I also want to put on record the many achievements of the NESF which was set up in June 1993. In its sixteen and a half years the NESF has produced 39 Reports, 10 NESF Opinions, 5 Social Inclusion Forum Conference Reports, and 7 Research and Seminar Series Reports. The implementation of recommendations from those reports has made a significant and lasting effect on the Irish policy landscape. The NESF was the largest of the social partnership bodies, with over 60 members. It was the first social partnership body that included not just the traditional social partners, but representatives from the voluntary and community sector, and it benefited hugely from their passion and commitment. It was the only social partnership body with representatives from the Oireachtas, whose wide-ranging experience of policy-making and emerging issues also greatly enriched the work of the Forum. The experience of the traditional social partners – trade unions, IBEC, the farming organisations, senior government and local authority officials - provided a much needed ballast, particularly in the early days of the NESF as we found our feet. Their advice and support was always readily available to me as Chair. The help and support of the then Minister of State at the Department of Tánaiste, Eithne Fitzgerald, and of her senior officials was particularly crucial. In subsequent years, the support of the Taoiseach and his senior officials was equally forthcoming.
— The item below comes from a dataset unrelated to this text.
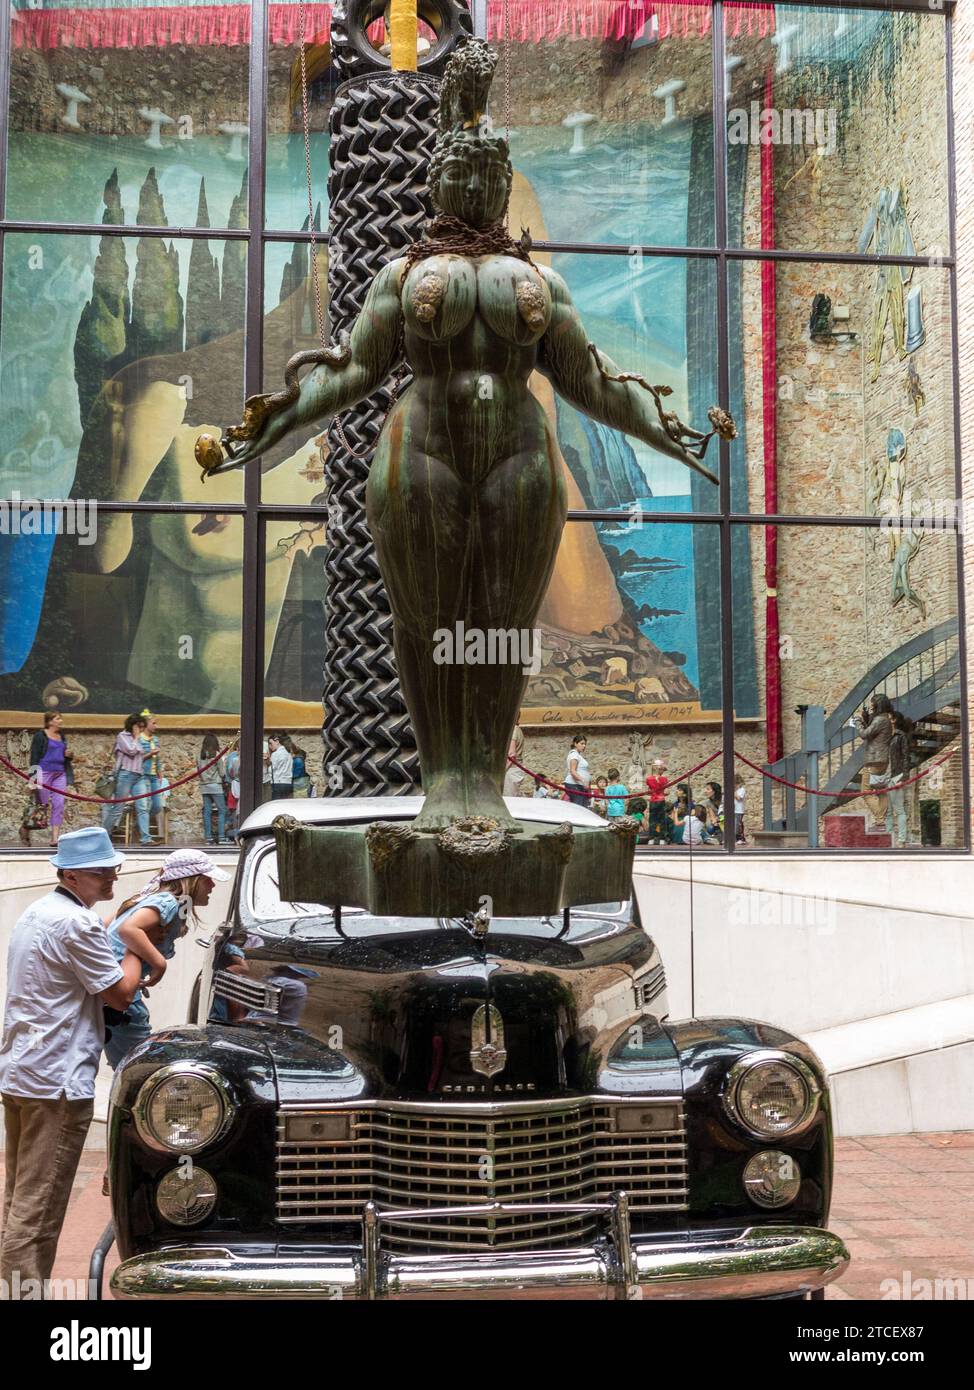 Sculpture d'une femme sur l'avant d'une voiture au Théâtre-Musée Dali. Plaça Gala i Salvador Dalí, 5, 17600 Figueres, Gérone, Espagne Banque D'Images

The strong focus of the NESF has been on issues of equality and social inclusion. It has taken a particular interest in key areas such as early childcare and education and educational disadvantage, starting with the publication of the Report on Early School Leavers and Youth Employment in 1997, the Report on Early School Leavers in 2002, the Report on Early Childhood Care and Education in 2005, and the Report on Child Literacy and Social Inclusion in 2009. It has argued strongly in its reports for the provision of high quality early education, literacy and other educational initiatives, particularly for children from disadvantaged communities. It has continued to stress the severe economic and social costs of educational disadvantage, evident in early school leaving, truancy, low self-esteem, poor job prospects – not just for the children themselves, but also for their future children. The NESF has also made a significant contribution to other areas of disadvantage and social exclusion - for better provision for the unemployed, for lone parents, for older people; for equality for gay, lesbian and bi-sexual people; for the integration of ex-prisoners in to the community, and for those suffering from mental ill health. Some of our achievements in those areas are listed overleaf.
The NESF also developed a strongly independent, consultative and participative ethos. It was open in a routine way to other actors in the system and to those working directly with people experiencing poverty and social exclusion. This way of working facilitated the early identification of emerging trends in social exclusion, and of the glitches and failures in policies designed to address them. In the last few years, the NESF facilitated the inclusion of people with specialist interest and experience (for example in the area of mental health) into the social partnership process, adding immeasurably to the richness of the work. It was the professional experience, strong commitment to work collaboratively across the four pillars of social partnership, and most particularly the passion of NESF members for making a difference in the lives of those experiencing social exclusion and poverty that made all of the above possible.
I want to thank the NESF secretariat and administrative staff, past and present, and the many eminent people, leaders in their field, who chaired the NESF Project teams. It was their combined professionalism, their ability to work flexibly with so many different groups and their ability to craft workable policy solutions and compromises that brought the work of the NESF to fruition.